*** Opening of Input data ***

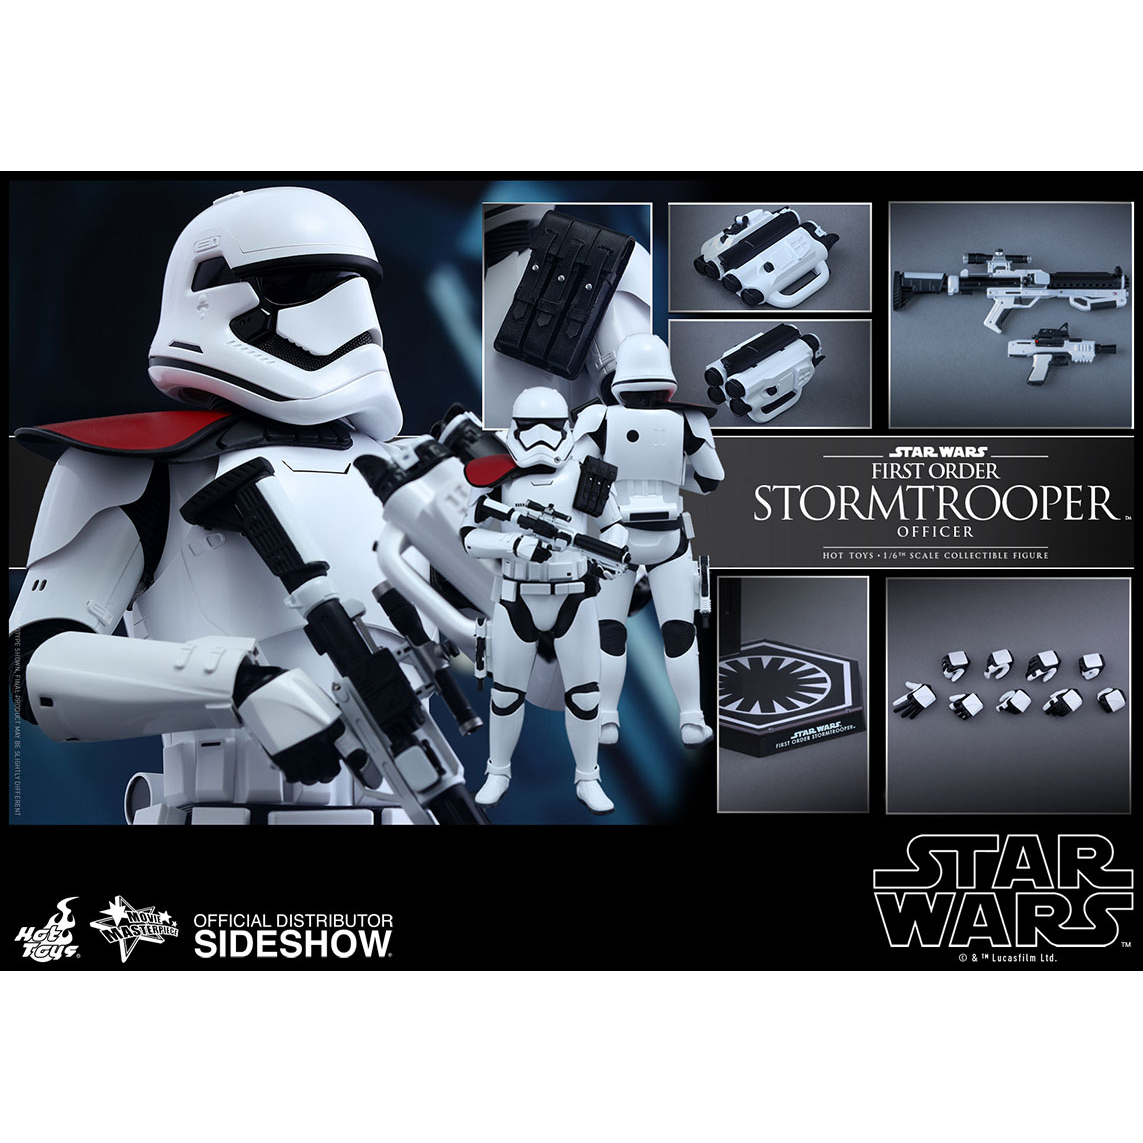 Star Wars: The Force Awakens First Order Stormtrooper Officer
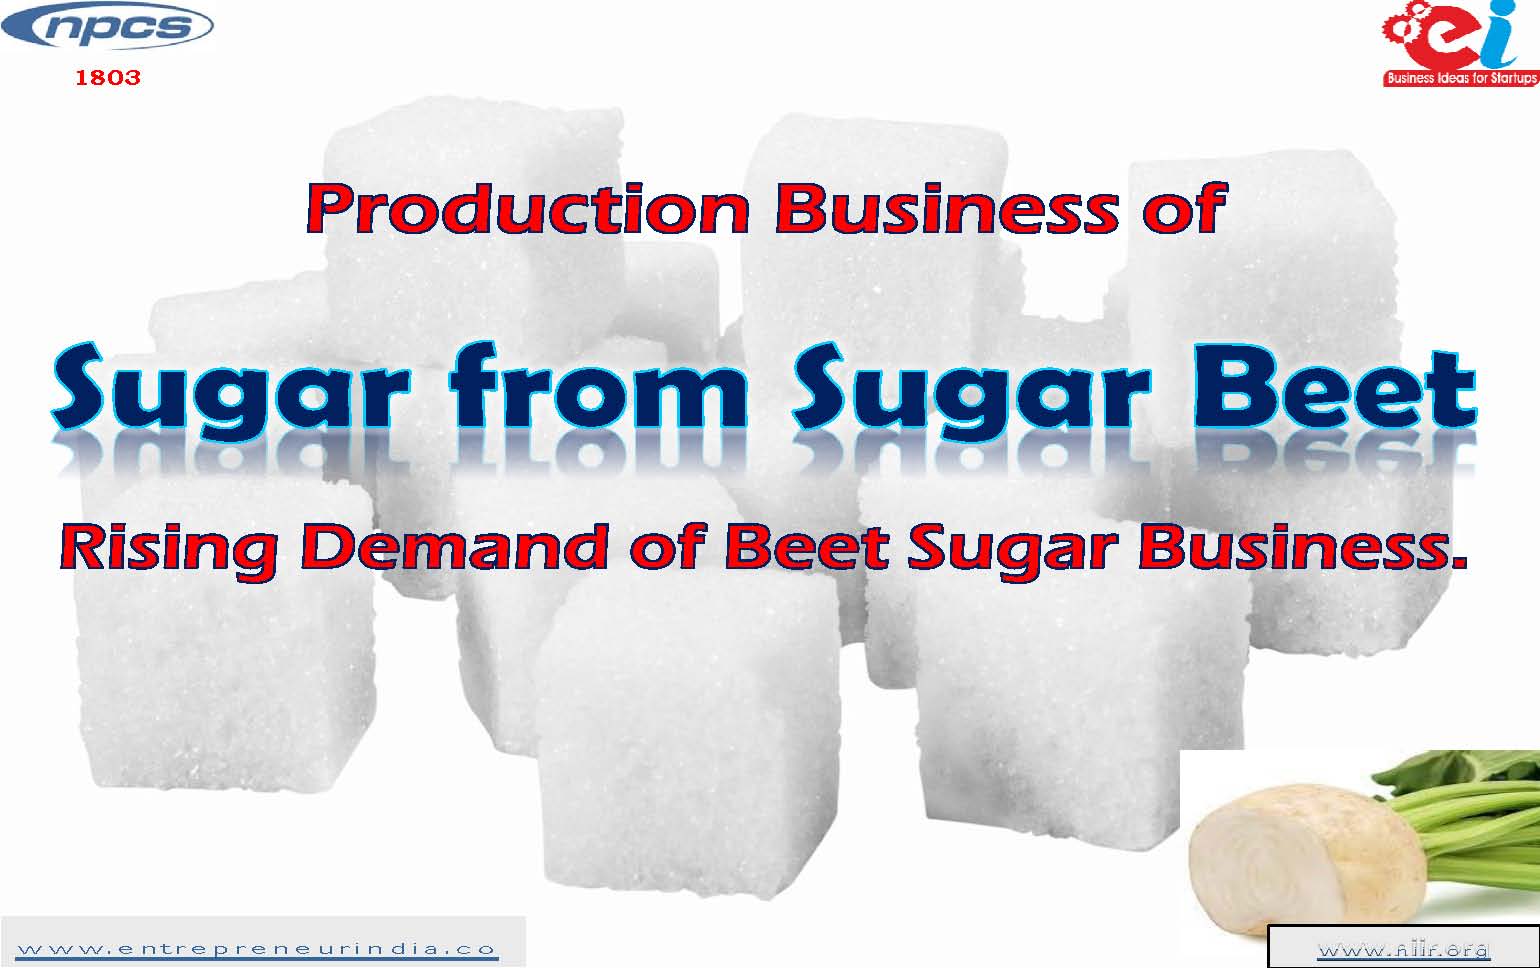 Production Business of Sugar from Sugar Beet Rising Demand of Beet Sugar Business
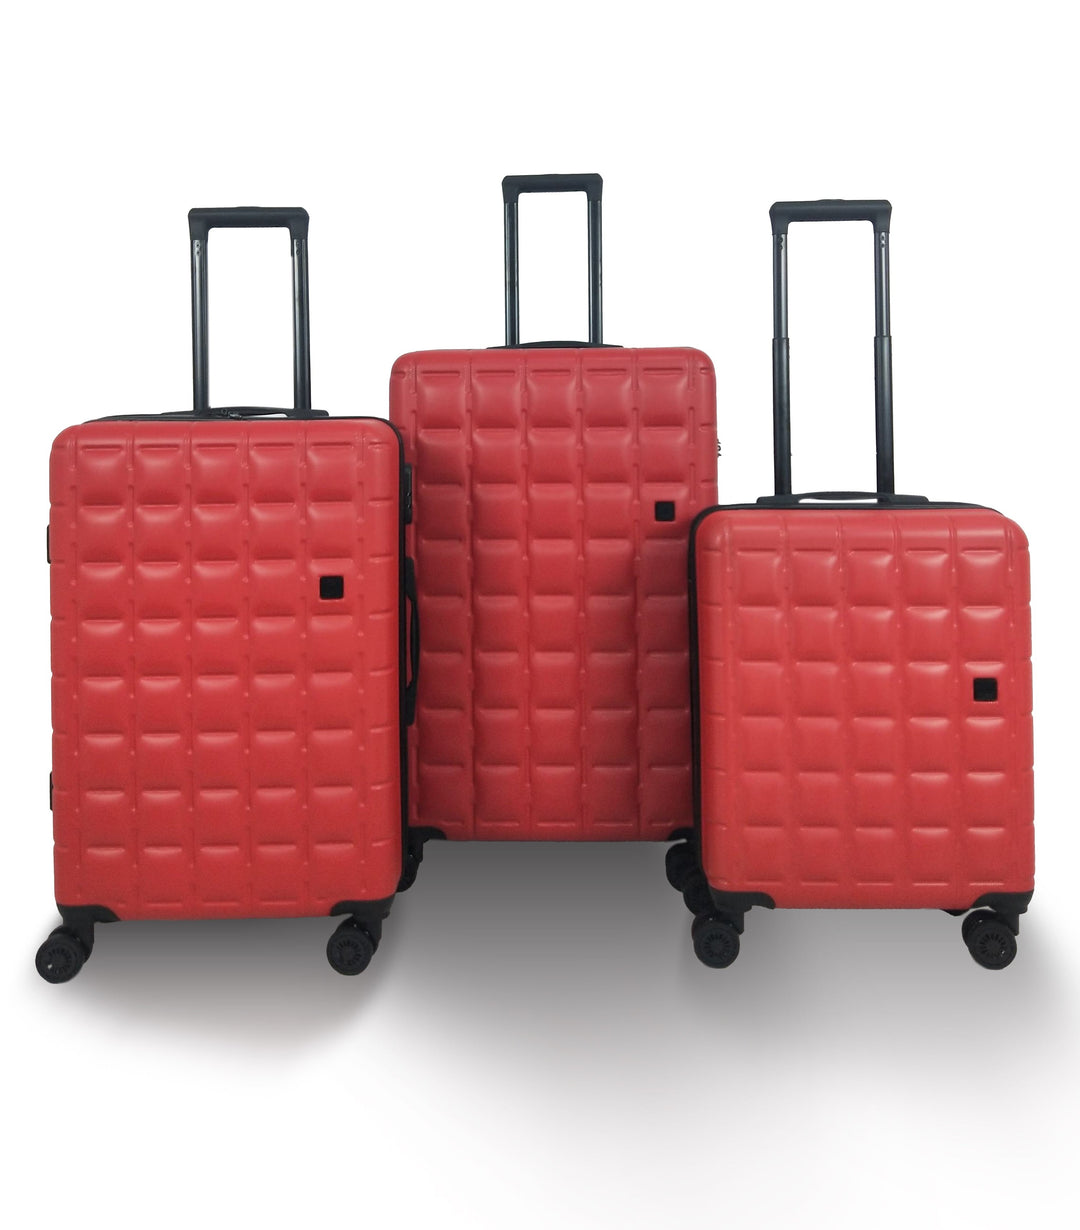 Qubed Squared 3 Piece Suitcase Set

*** Close of Input data ***

§ Directions
Copy the whole of the material above exactly, and exclude every picture.

§ Task response
 Star Wars: The Force Awakens First Order Stormtrooper Officer
 Production Business of Sugar from Sugar Beet Rising Demand of Beet Sugar Business
 Qubed Squared 3 Piece Suitcase Set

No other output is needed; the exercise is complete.